И все-таки хотите ответ? Вернее, не ответ, а грустное признание, мое признание, которое кажется мне тоже нашим общим. Вот оно. Нет в нас достаточно воли для подвига. То, чего все мы жаждем, есть подвиг, и никто из нас на него не отваживается. Отсюда все. Наш идеал — подвижничество, но мы робко отступаем перед ним и сами сознаем свою измену, и это сознание в тысяче разных форм мстит нам. Измена… завету: «Кто возлюбит мать и отца больше меня!..» Мы, вместе с Бальмонтом, ставим эпиграфом над своими произведениями слова старца Зосимы: «Ищи восторга и исступления», а ищем ли? то есть ищем ли всегда, смело, исповедуя открыто свою веру, не боясь мученичества (о, не газетных рецензий, а истинного мученичества каждодневного осуждения). Мы придумываем всякие оправдания своей неправедности. Я ссылаюсь на то, что мне надо хранить «Весы» и «Скорпион». Вы просите времени в четыре года, чтобы хорошенько подумать.
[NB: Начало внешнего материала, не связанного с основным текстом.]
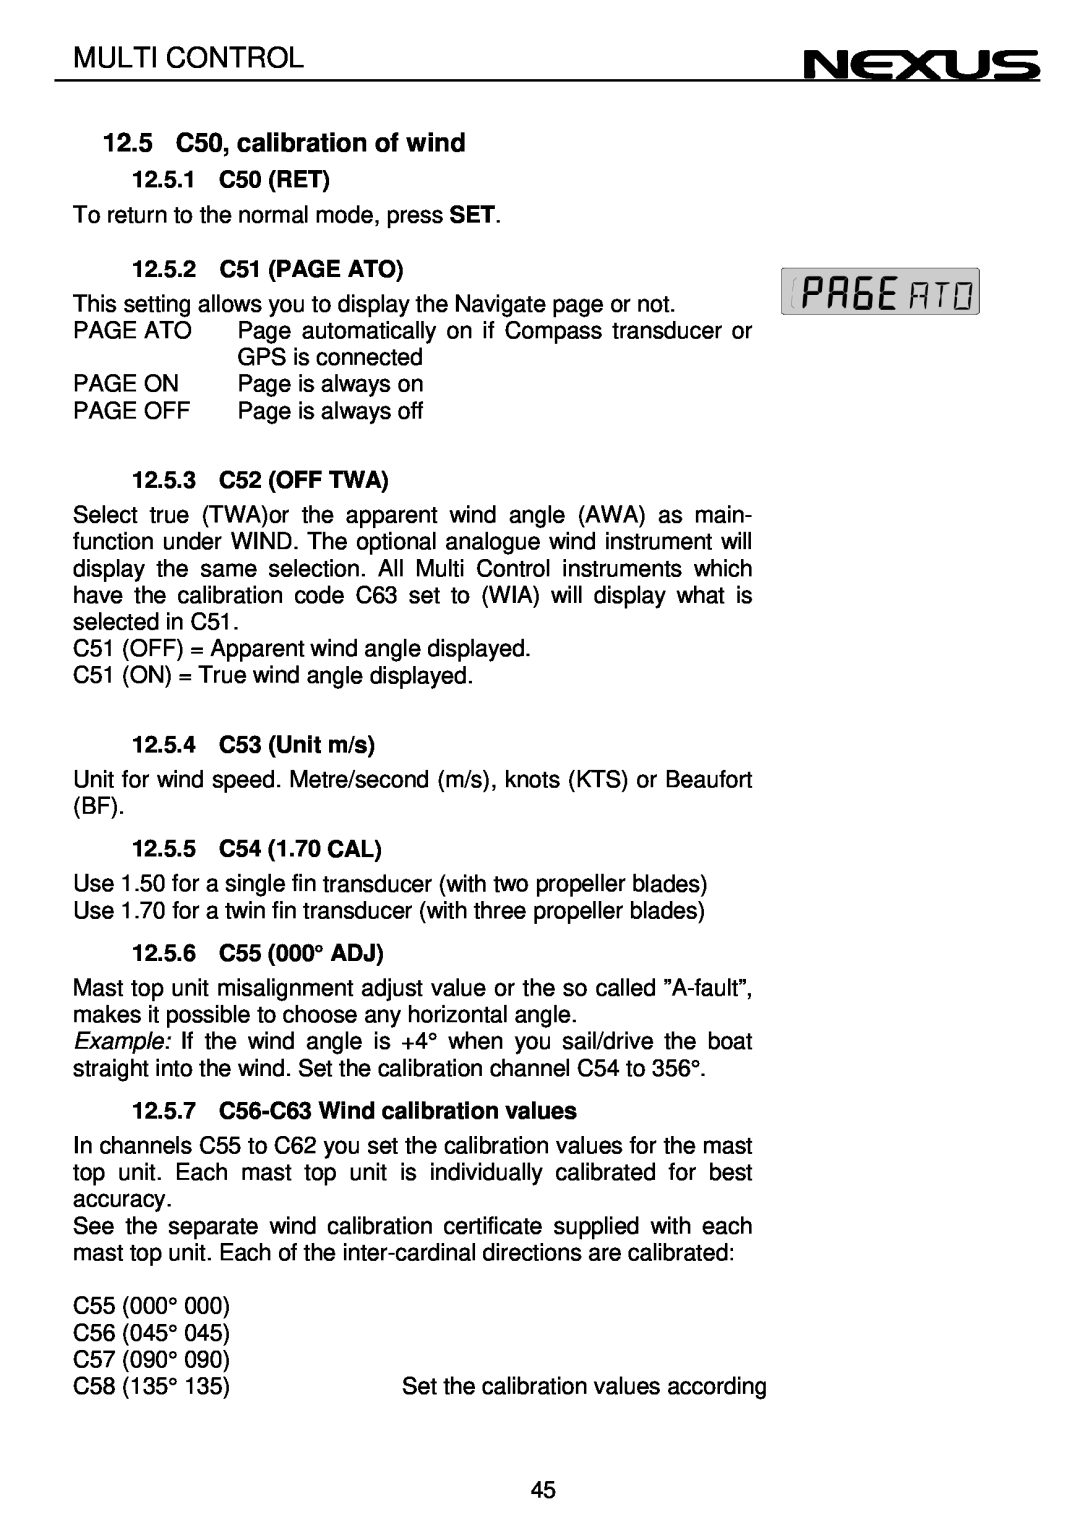 Nexus 21 Multi Control operation manual 12.5C50, calibration of wind, 12.5.1C50 RET, 12.5.2C51 PAGE ATO, 12.5.3C52 OFF TWA

Мережковский лицемерно создал для самого себя целую теорию о необходимости оставаться «на своей должности». И все так. Двое разве смелее: А. Добролюбов и Бальмонт. И я думаю, что у Добролюбова нет этих криков «зачем?» — хотя он и облегчил свою задачу, назначив себе строгие уставы, надев тяжелые вериги, которые почти не дают ему свободы двигаться. И Бальмонт, при всей мелочности его «дерзновений», при всем безобразии его «свободы», при постоянной лжи самому себе, которая уже стала для его души истиной, — все же порывается к каким-то приближениям, если не по прямой дороге, то хотя бы окольным путем.
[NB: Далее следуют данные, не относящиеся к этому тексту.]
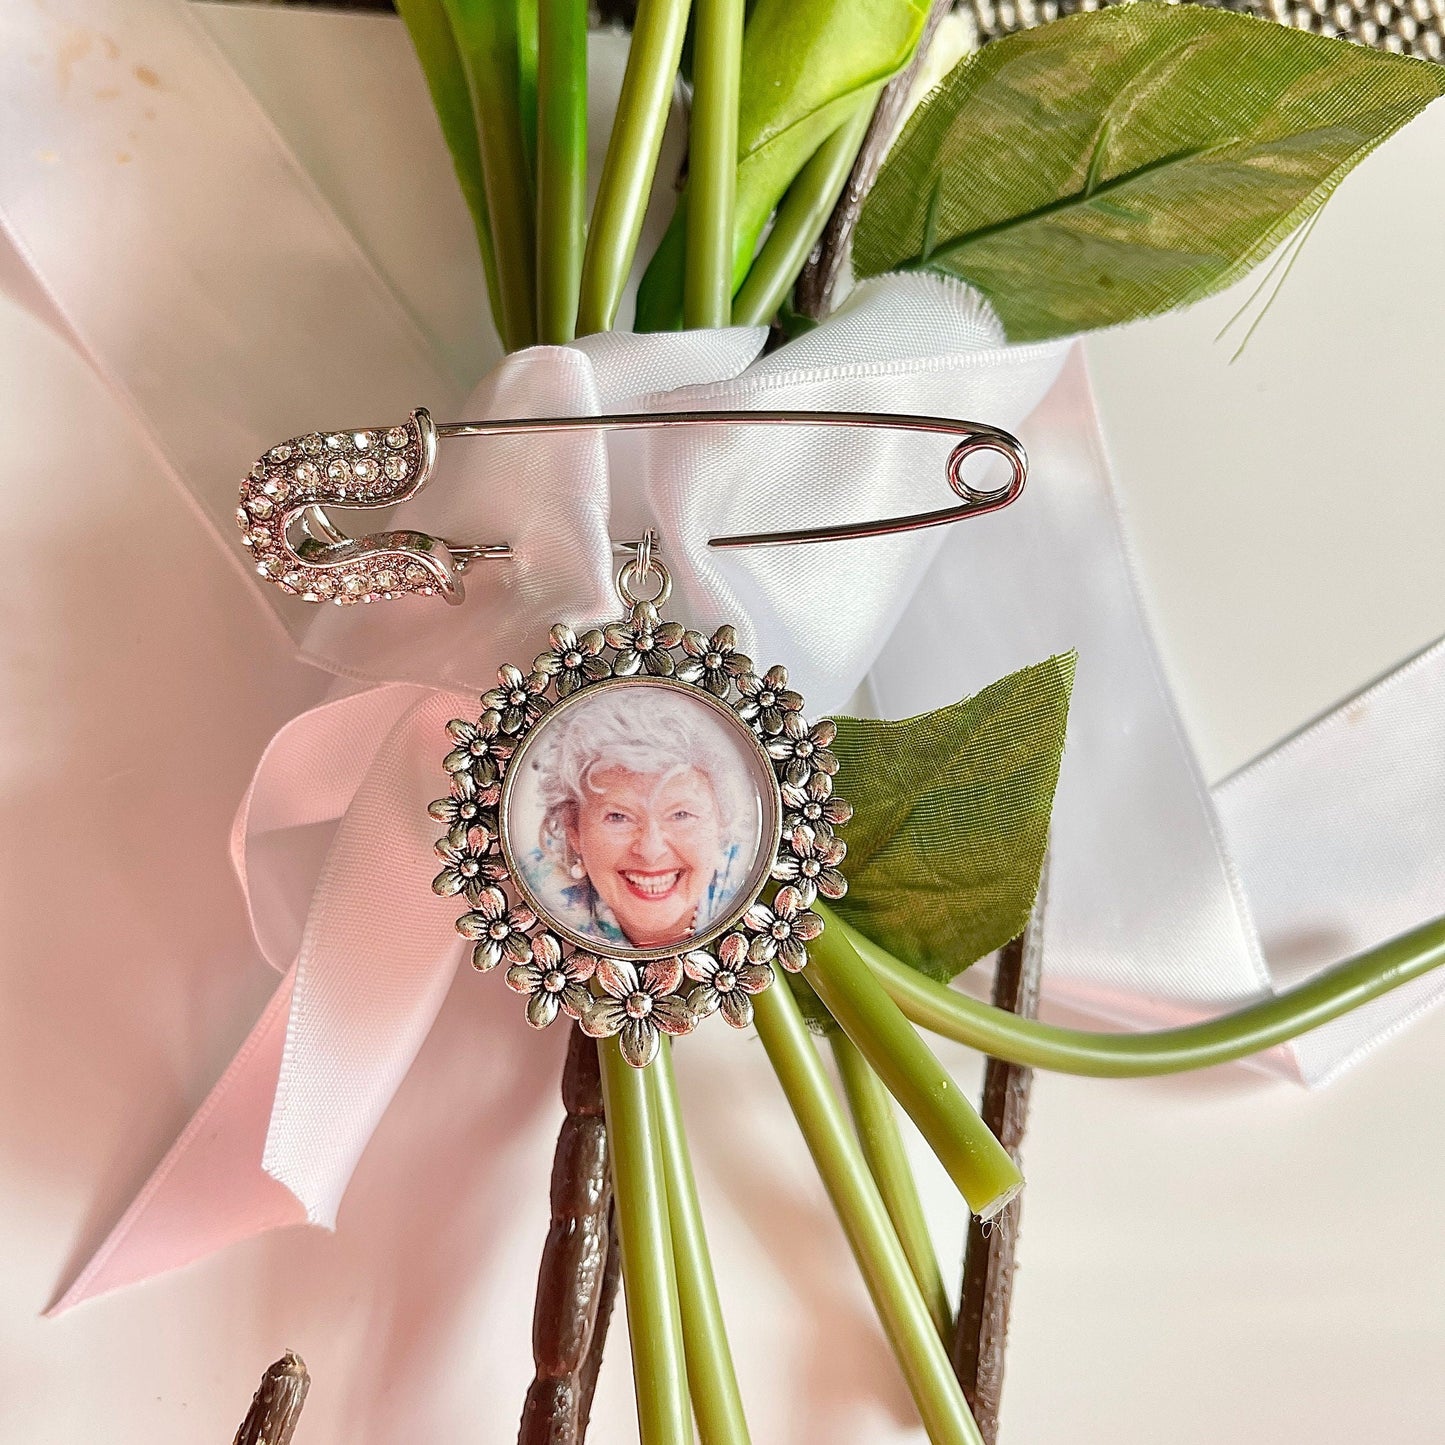 Pin on Wedding flowers

А мы, пришедшие для подвига… покорно остаемся в четырех условиях «светской» жизни, покорно надеваем сюртуки и покорно повторяем слова, утратившие и первичный, и даже свой вторичный смысл. Мы привычно лжем себе и другим. Мы, у которых намеренно «сюртук застегнут», мы, которые научились молчать о том, о чем единственно подобает говорить, — вдруг не понимаем, что все окружающее должно, обязано оскорблять нас всечасно, ежеминутно. Мы самовольно выбрали жизнь в том мире, где всякий пустяк причиняет боль. Нам было два пути: к распятию и под маленькие хлысты; мы предпочли второй. И ведь каждый еще миг есть возможность изменить выбор. Но мы не изменяем. Да, я знаю, наступит иная жизнь для людей; не та, о которой наивно мечтал Ваш Чехов («через 200–300 лет»), — жизнь, когда все будет «восторгом и исступлением»… Нам не вместить сейчас всей этой полноты. Но мы можем провидеть ее, можем принять ее в себя, насколько в силах, — и не хотим… Мы не смеем. Справедливо, чтобы мы несли и казнь.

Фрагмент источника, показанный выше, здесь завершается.